Journal of Electronic Imaging, Vol. 32, Issue 06, 063009, (November 2023) https://doi.org/10.1117/1.JEI.32.6.063009
TOPICS: Veins, Feature extraction, Image classification, Cooccurrence matrices, Classification systems, Shape analysis, Deep learning, Corner detection, Education and training, Detection and tracking algorithms
When conducting image classification, traditional and deep-learning based methods require extracting target features in different ways and then classifying targets based on the features. Therefore, extracting more informative and effective features is very important, and this problem also exists in plant leaf classification. To address the issue for traditional leaf classification, this article carefully designs two shape features [area ratio-based shape descriptor (ARSD) and corner-based shape descriptor (CSD)] and one leaf vein feature (LVF) extraction method based on statistical characteristics.

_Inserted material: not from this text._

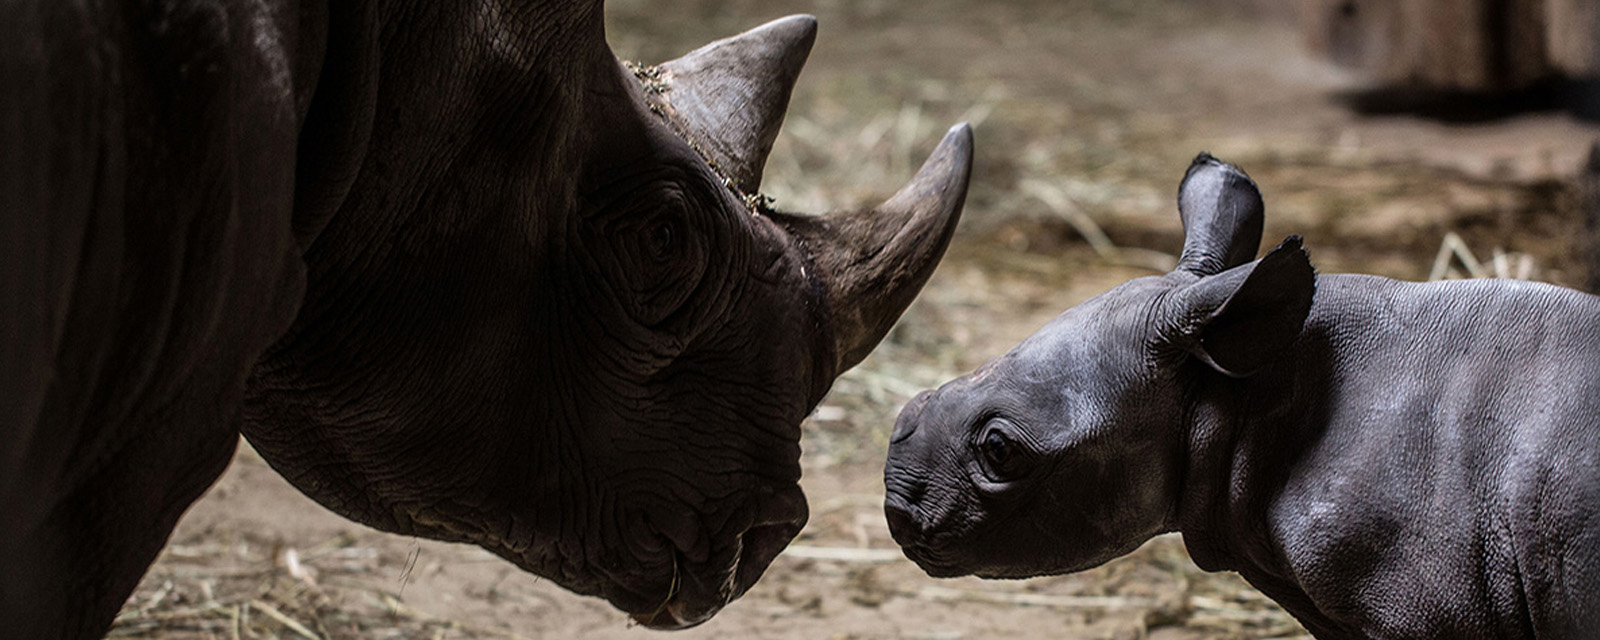 Critically Endangered Eastern Black Rhino Born at Lincoln Park Zoo Is a  Male - Lincoln Park Zoo

Then, according to the extraction of ARSD, CSD, and LVF, a general feature extraction framework is formed, which first normalizes direction, segments region of interest, then divides it into subregions, counts the number of pixels in each sub region, and finally forms feature vectors. Finally, to visually verify the effectiveness of these features, they were applied to the classic leaf classification framework, which is adjusted to form a two-stage classification method from coarse classification of shapes and fine classification of species. In the first stage (coarse classification), leaves in three universal datasets [Flavia dataset, Swedish dataset and Intelligent Computing Laboratory (ICL) dataset] and a self-built LZU dataset are respectively divided into several shape categories only by the ARSD. Experiment results show that the ARSD has obvious advantages in shape-based rough classification. Then in the second stage (fine classification), shape, texture, vein, and color features, including ARSD, CSD, local binary patterns, gray-level co-occurrence matrix, the developed LVF, and color moments, are combined to subdivide finer species in each shape category. Extensive experiment results show that the classification accuracy on the Flavia, Swedish, ICL, and LZU datasets have reached 99.3%, 98.9%, 91.5%, and 95.3%, respectively, comparable to deep learning-based methods.